**Aim of the exercise**
The reply should consist solely of the lines from the one with "Kate Steenhauer, Andrew Starkey & Jack Caven" through the final line of the listing, copied exactly, with no pictures.

**Data shown**
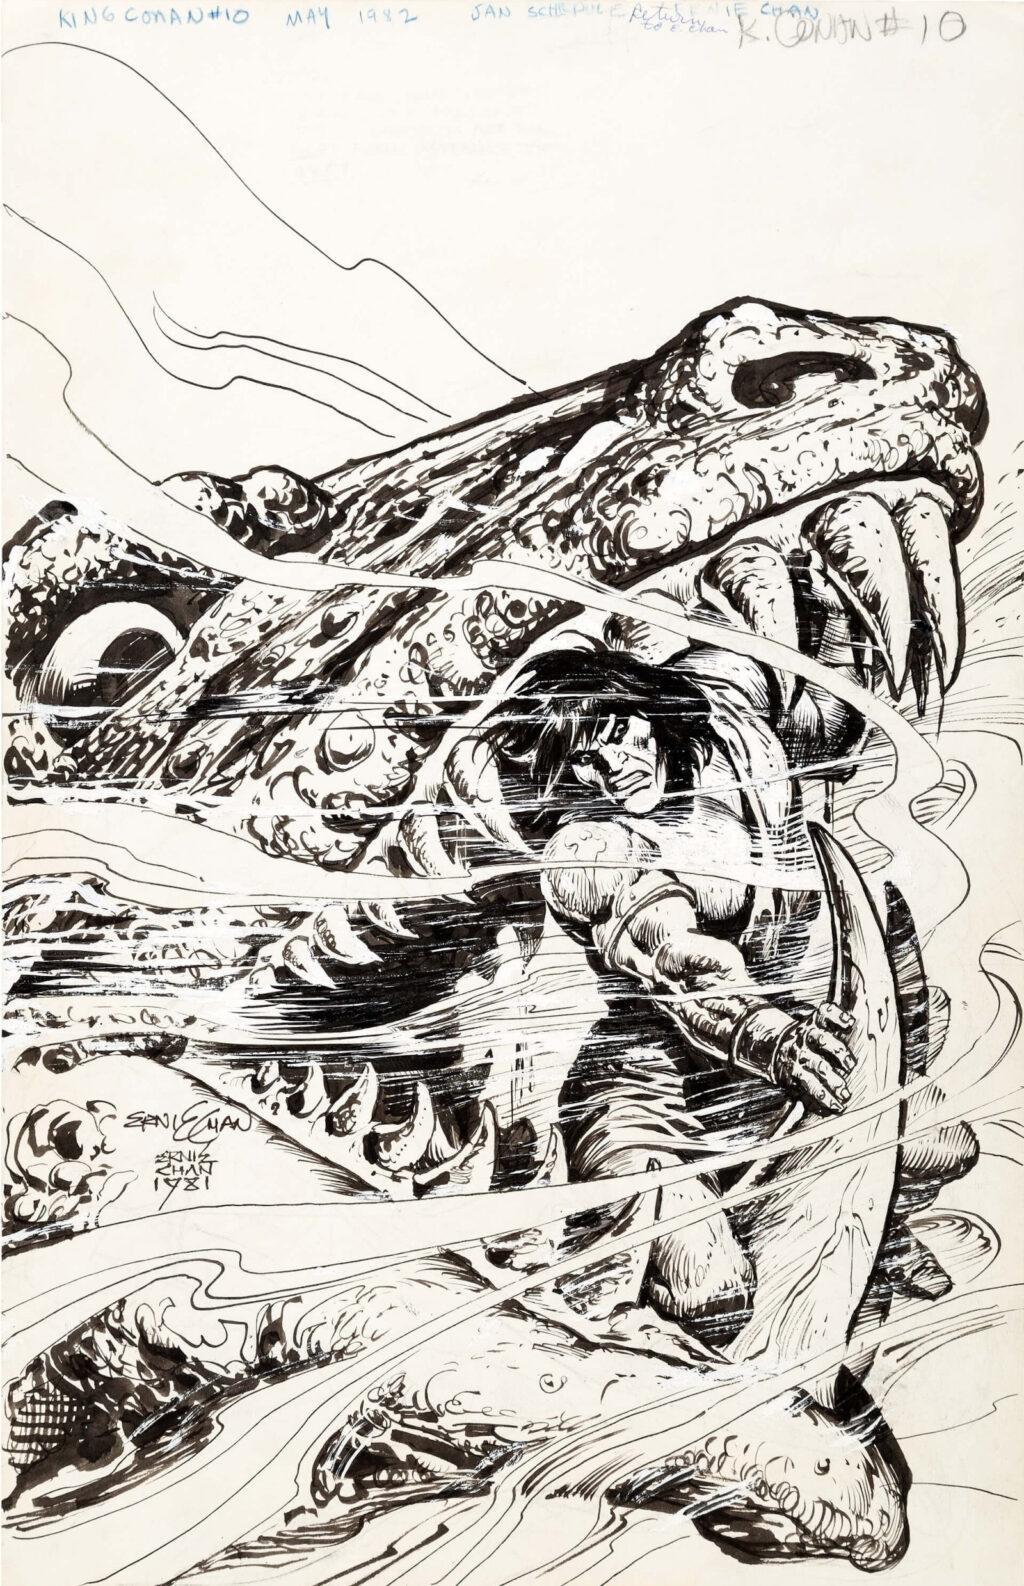 King Conan issue 10 splash by Ernie Chan
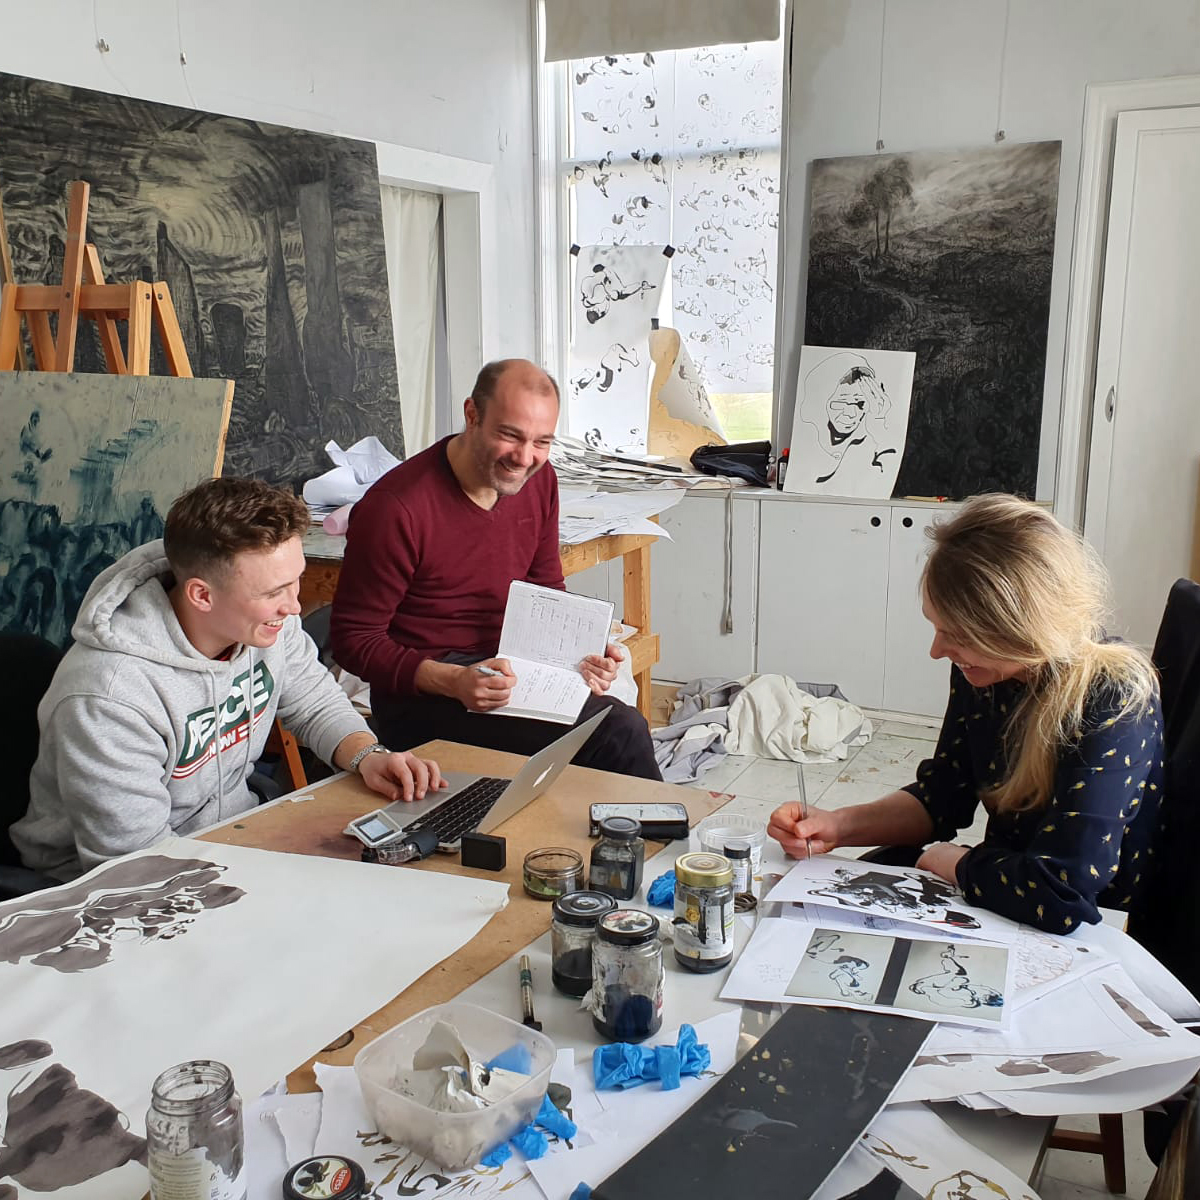 Kate Steenhauer, Andrew Starkey & Jack Caven
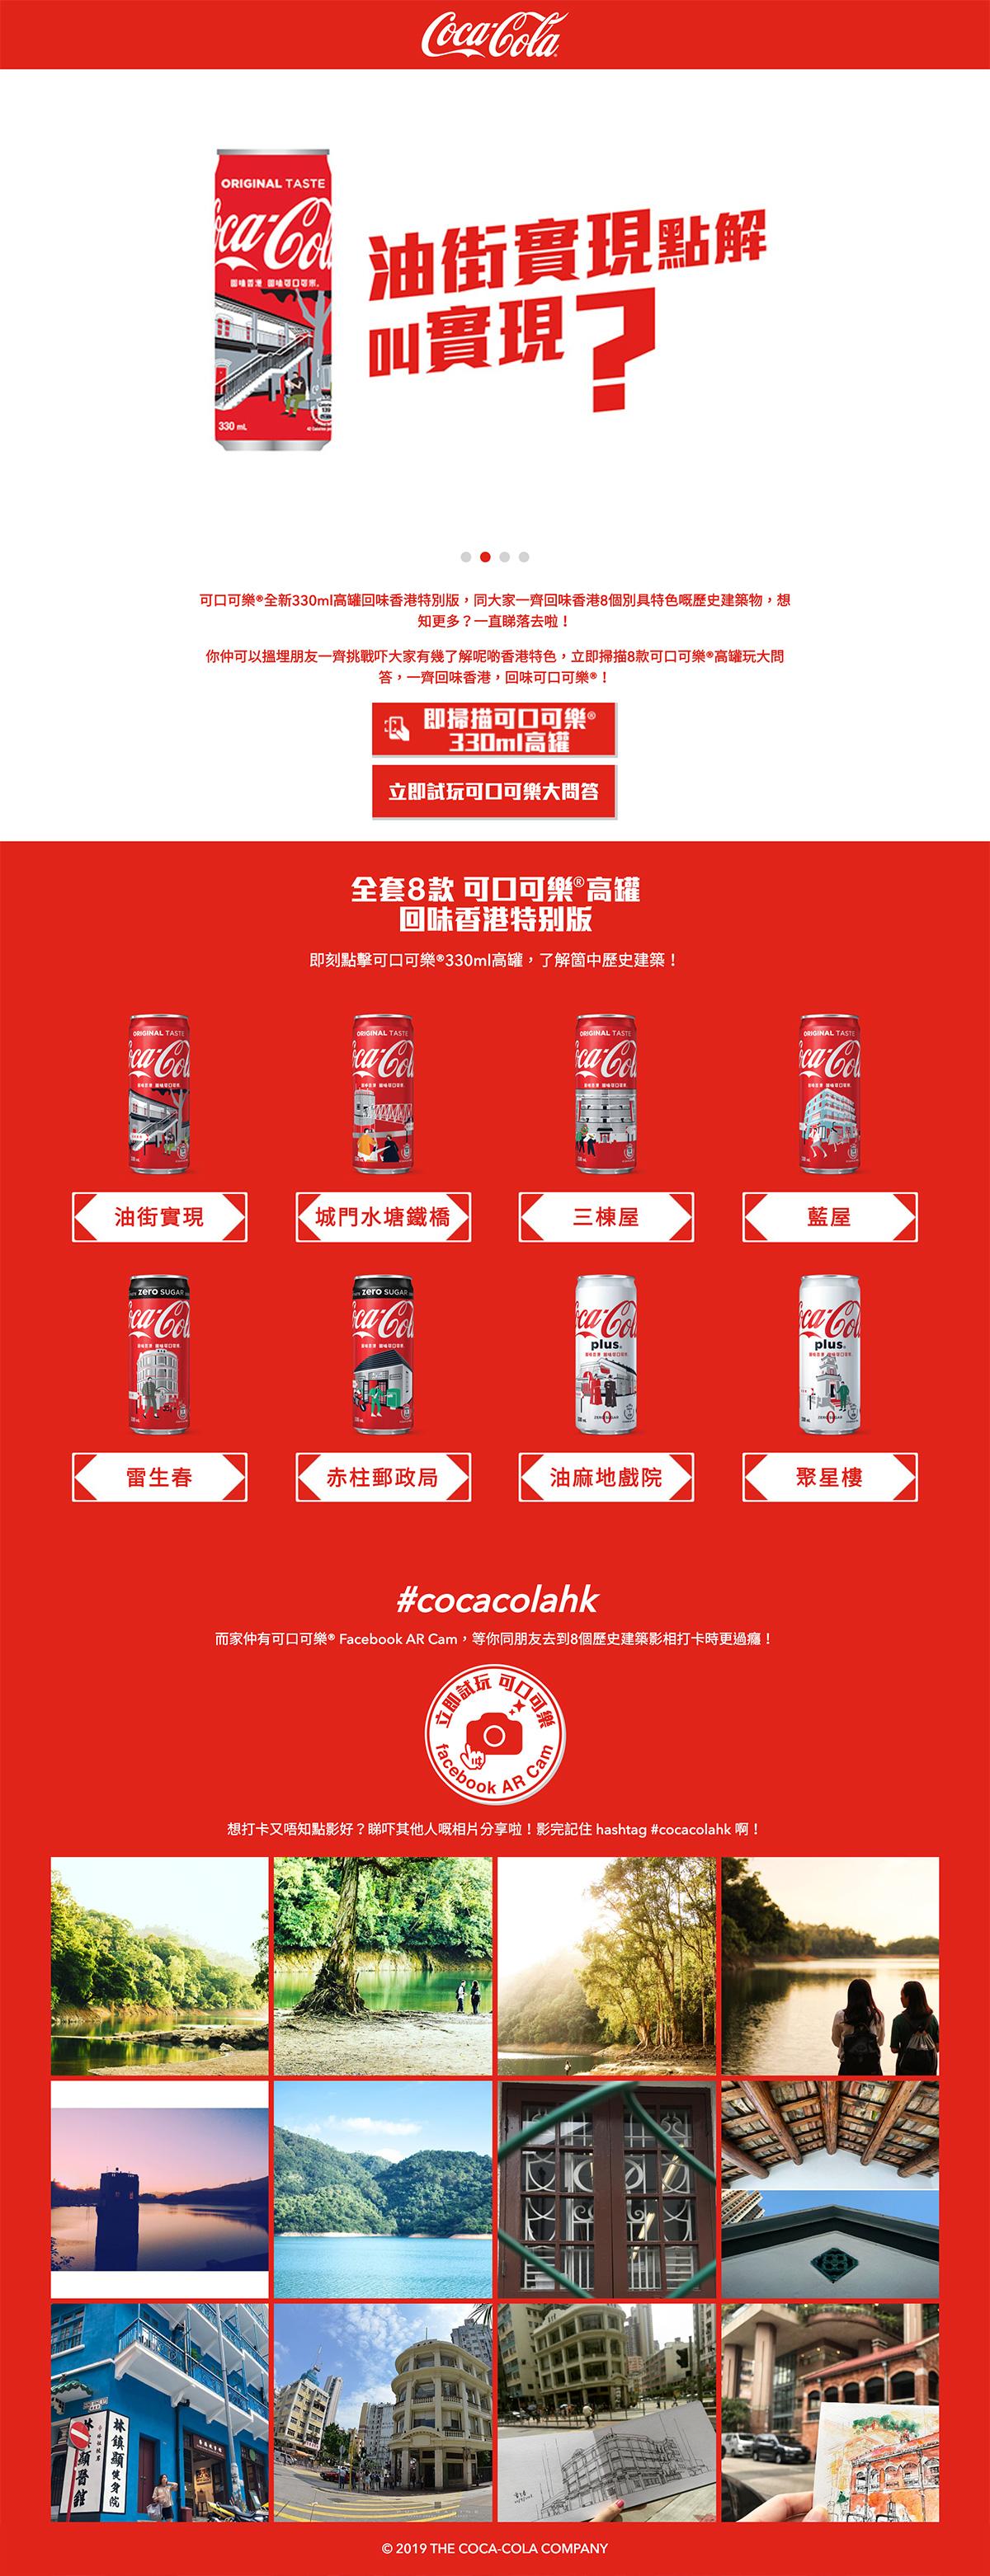 coke_01

**Written solution**
 Kate Steenhauer, Andrew Starkey & Jack Caven
 coke_01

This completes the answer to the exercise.